> [DATA FOR THIS TASK]:

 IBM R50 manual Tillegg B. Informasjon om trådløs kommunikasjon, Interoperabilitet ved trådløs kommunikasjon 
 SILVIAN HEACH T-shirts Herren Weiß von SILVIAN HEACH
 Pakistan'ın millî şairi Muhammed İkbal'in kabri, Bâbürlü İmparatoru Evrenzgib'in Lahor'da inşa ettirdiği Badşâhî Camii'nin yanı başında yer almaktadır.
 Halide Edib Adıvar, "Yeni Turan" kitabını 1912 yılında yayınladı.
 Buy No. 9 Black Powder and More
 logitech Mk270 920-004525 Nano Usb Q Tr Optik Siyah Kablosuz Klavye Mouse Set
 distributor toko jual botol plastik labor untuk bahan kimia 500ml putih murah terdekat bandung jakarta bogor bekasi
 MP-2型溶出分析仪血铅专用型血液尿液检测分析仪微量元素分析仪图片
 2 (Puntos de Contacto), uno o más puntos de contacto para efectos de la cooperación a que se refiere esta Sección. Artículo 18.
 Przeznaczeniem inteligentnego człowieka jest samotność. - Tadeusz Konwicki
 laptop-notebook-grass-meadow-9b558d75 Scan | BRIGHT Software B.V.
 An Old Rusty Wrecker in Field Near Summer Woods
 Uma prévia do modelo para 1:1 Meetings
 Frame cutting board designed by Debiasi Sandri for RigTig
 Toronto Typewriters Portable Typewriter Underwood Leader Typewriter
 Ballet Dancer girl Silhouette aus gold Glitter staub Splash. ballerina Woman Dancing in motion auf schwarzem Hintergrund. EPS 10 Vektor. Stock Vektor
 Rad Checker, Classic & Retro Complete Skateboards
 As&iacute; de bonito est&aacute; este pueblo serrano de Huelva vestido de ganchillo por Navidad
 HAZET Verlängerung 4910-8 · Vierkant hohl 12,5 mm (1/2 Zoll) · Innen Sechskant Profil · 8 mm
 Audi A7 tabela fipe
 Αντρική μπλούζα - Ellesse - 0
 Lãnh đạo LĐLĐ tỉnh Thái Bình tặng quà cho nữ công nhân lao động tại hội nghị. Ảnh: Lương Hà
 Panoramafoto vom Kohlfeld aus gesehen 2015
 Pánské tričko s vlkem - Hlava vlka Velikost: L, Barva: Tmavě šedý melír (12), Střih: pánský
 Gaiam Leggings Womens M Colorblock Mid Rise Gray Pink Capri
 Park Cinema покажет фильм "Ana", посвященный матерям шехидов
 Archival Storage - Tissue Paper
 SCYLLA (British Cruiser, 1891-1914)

> [TASK BRIEF]: In full and without alteration, copy the entries.

> [RESULT BELOW]:
 IBM R50 manual Tillegg B. Informasjon om trådløs kommunikasjon, Interoperabilitet ved trådløs kommunikasjon 
 SILVIAN HEACH T-shirts Herren Weiß von SILVIAN HEACH
 Pakistan'ın millî şairi Muhammed İkbal'in kabri, Bâbürlü İmparatoru Evrenzgib'in Lahor'da inşa ettirdiği Badşâhî Camii'nin yanı başında yer almaktadır.
 Halide Edib Adıvar, "Yeni Turan" kitabını 1912 yılında yayınladı.
 Buy No. 9 Black Powder and More
 logitech Mk270 920-004525 Nano Usb Q Tr Optik Siyah Kablosuz Klavye Mouse Set
 distributor toko jual botol plastik labor untuk bahan kimia 500ml putih murah terdekat bandung jakarta bogor bekasi
 MP-2型溶出分析仪血铅专用型血液尿液检测分析仪微量元素分析仪图片
 2 (Puntos de Contacto), uno o más puntos de contacto para efectos de la cooperación a que se refiere esta Sección. Artículo 18.
 Przeznaczeniem inteligentnego człowieka jest samotność. - Tadeusz Konwicki
 laptop-notebook-grass-meadow-9b558d75 Scan | BRIGHT Software B.V.
 An Old Rusty Wrecker in Field Near Summer Woods
 Uma prévia do modelo para 1:1 Meetings
 Frame cutting board designed by Debiasi Sandri for RigTig
 Toronto Typewriters Portable Typewriter Underwood Leader Typewriter
 Ballet Dancer girl Silhouette aus gold Glitter staub Splash. ballerina Woman Dancing in motion auf schwarzem Hintergrund. EPS 10 Vektor. Stock Vektor
 Rad Checker, Classic & Retro Complete Skateboards
 As&iacute; de bonito est&aacute; este pueblo serrano de Huelva vestido de ganchillo por Navidad
 HAZET Verlängerung 4910-8 · Vierkant hohl 12,5 mm (1/2 Zoll) · Innen Sechskant Profil · 8 mm
 Audi A7 tabela fipe
 Αντρική μπλούζα - Ellesse - 0
 Lãnh đạo LĐLĐ tỉnh Thái Bình tặng quà cho nữ công nhân lao động tại hội nghị. Ảnh: Lương Hà
 Panoramafoto vom Kohlfeld aus gesehen 2015
 Pánské tričko s vlkem - Hlava vlka Velikost: L, Barva: Tmavě šedý melír (12), Střih: pánský
 Gaiam Leggings Womens M Colorblock Mid Rise Gray Pink Capri
 Park Cinema покажет фильм "Ana", посвященный матерям шехидов
 Archival Storage - Tissue Paper
 SCYLLA (British Cruiser, 1891-1914)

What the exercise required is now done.